It's turning into various DIY rabbit holes, actually, with the next one (outside of various related landscaping stuff) being to gut a basement.
defterGoose
I would love to have such a model tell me how to prune my fruit trees as they grow up. Should be a fairly straightforward supervised problem with the right front end for the graph generation.
toss1
You can start right now with an algorithm I learned from an expert when I was working in a landscaping business.
It is a very simple three-pass plan: "Deadwood, Crossovers, Aesthetics".

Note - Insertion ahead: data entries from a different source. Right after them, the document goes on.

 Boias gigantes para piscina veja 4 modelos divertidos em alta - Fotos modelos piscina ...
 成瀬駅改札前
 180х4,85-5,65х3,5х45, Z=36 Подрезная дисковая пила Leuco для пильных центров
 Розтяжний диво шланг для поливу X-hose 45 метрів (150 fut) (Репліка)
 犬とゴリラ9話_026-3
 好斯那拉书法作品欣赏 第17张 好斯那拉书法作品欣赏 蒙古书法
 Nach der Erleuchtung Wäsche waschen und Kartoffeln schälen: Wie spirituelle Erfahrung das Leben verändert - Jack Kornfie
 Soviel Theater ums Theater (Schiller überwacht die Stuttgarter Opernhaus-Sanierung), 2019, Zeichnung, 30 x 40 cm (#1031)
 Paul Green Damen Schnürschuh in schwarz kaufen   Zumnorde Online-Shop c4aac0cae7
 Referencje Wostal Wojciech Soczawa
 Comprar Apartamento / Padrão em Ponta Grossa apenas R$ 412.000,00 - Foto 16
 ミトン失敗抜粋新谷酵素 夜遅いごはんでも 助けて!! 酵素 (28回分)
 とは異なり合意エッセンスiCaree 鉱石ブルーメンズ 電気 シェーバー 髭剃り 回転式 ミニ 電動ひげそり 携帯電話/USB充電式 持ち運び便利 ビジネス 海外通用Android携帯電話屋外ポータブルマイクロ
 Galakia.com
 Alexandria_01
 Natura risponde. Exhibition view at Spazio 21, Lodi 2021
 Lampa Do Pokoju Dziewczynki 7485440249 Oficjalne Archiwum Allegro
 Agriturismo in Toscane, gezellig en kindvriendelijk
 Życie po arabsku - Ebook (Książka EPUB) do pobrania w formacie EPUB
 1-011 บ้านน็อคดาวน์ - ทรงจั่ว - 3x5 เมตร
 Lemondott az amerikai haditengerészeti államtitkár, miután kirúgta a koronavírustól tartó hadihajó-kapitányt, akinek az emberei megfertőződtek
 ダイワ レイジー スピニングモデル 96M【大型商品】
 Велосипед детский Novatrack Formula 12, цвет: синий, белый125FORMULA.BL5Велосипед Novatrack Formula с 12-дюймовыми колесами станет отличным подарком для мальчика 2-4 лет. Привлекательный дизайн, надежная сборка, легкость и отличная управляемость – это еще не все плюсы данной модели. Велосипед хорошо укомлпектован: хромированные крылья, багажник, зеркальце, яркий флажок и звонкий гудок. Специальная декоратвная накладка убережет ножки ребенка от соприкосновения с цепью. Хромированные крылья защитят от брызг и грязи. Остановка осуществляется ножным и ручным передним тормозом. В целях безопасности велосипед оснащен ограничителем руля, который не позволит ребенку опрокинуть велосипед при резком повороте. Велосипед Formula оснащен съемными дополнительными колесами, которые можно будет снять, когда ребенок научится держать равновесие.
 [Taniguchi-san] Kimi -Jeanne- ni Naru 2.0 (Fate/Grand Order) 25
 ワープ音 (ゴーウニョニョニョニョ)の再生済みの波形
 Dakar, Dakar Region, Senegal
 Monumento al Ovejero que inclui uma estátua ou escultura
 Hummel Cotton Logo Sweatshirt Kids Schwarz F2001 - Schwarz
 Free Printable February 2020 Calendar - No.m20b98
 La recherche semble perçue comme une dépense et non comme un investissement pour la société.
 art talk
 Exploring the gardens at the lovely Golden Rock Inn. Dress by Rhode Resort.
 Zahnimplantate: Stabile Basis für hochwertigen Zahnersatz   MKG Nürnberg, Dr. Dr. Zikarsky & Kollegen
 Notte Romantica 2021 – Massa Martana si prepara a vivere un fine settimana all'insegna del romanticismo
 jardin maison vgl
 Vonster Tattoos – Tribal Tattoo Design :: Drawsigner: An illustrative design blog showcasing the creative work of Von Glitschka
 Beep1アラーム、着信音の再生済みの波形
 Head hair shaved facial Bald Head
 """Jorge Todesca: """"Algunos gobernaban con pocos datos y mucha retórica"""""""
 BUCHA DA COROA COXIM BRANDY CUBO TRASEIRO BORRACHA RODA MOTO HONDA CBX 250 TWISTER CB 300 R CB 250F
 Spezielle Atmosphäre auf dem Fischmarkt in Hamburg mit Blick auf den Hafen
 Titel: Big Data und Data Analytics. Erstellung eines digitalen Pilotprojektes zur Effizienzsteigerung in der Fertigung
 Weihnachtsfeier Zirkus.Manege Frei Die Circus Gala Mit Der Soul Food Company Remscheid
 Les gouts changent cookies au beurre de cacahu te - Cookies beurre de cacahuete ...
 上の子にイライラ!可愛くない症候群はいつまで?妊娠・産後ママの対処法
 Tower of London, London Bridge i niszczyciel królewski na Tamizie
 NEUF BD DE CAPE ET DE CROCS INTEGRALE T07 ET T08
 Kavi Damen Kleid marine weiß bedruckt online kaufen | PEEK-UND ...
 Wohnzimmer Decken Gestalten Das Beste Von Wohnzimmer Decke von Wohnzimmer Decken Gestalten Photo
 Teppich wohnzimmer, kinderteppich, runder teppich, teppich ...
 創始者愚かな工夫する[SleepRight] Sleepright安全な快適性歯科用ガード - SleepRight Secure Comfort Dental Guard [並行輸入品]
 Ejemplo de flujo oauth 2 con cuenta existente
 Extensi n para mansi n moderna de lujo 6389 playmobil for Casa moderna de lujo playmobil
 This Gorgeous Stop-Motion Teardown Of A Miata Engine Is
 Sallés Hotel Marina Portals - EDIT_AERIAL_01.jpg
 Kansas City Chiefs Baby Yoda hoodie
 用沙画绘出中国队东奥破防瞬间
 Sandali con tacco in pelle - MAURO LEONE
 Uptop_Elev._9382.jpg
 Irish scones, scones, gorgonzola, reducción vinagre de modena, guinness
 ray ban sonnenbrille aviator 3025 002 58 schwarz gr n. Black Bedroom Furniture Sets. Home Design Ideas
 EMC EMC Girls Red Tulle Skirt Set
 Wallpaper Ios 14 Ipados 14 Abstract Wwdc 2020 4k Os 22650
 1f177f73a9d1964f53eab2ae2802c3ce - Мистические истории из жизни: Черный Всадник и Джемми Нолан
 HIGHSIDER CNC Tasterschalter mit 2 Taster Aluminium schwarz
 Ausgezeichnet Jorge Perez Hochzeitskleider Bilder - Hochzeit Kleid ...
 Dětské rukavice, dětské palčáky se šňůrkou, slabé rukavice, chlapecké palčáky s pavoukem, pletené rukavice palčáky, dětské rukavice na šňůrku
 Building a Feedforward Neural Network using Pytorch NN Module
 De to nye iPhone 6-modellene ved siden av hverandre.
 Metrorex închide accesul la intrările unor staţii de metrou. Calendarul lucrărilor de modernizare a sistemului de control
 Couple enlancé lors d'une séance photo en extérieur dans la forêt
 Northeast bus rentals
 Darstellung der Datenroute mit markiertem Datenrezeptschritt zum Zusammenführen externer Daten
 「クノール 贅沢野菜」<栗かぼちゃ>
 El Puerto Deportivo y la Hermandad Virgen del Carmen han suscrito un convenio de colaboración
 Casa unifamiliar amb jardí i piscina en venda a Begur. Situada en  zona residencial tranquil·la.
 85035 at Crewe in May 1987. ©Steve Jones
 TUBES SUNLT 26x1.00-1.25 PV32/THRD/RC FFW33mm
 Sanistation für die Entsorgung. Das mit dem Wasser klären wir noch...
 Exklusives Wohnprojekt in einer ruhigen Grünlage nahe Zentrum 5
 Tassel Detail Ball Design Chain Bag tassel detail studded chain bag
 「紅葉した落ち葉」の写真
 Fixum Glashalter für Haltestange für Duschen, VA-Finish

So, first pass, go through the tree cutting out only and all the dead branches. Cut back to live stock, and as always make good clean angle cuts at a proper angle (many horticulture books will provide far better instructions on this).
Second pass, look only for branches that cross-over other branches and especially those that show rubbing or friction marks against other branches. Cut the ones that are either least healthy or grow in the craziest direction (i.e., crazy away from the normal more-or-less not radially away from the trunk).
Then, and only after the other two passes are complete, start pruning for the desired look and/or size & shape for planned growth or bearing fruit.
This method is simple and saves a LOT of ruined trees from trying to first cut to size and appearance, then by the time the deadwood and crossovers are taken later, it is a scraggly mess that takes years to grow back. And it even works well for novices, as long as they pay attention.
I'd suspect entering the state and direction of every branch to an app would take longer than just pruning with the above method, although for trees that haven't fully leafed out, perhaps a 360° angle set of drone pics could make an adequate 3D model to use for planning?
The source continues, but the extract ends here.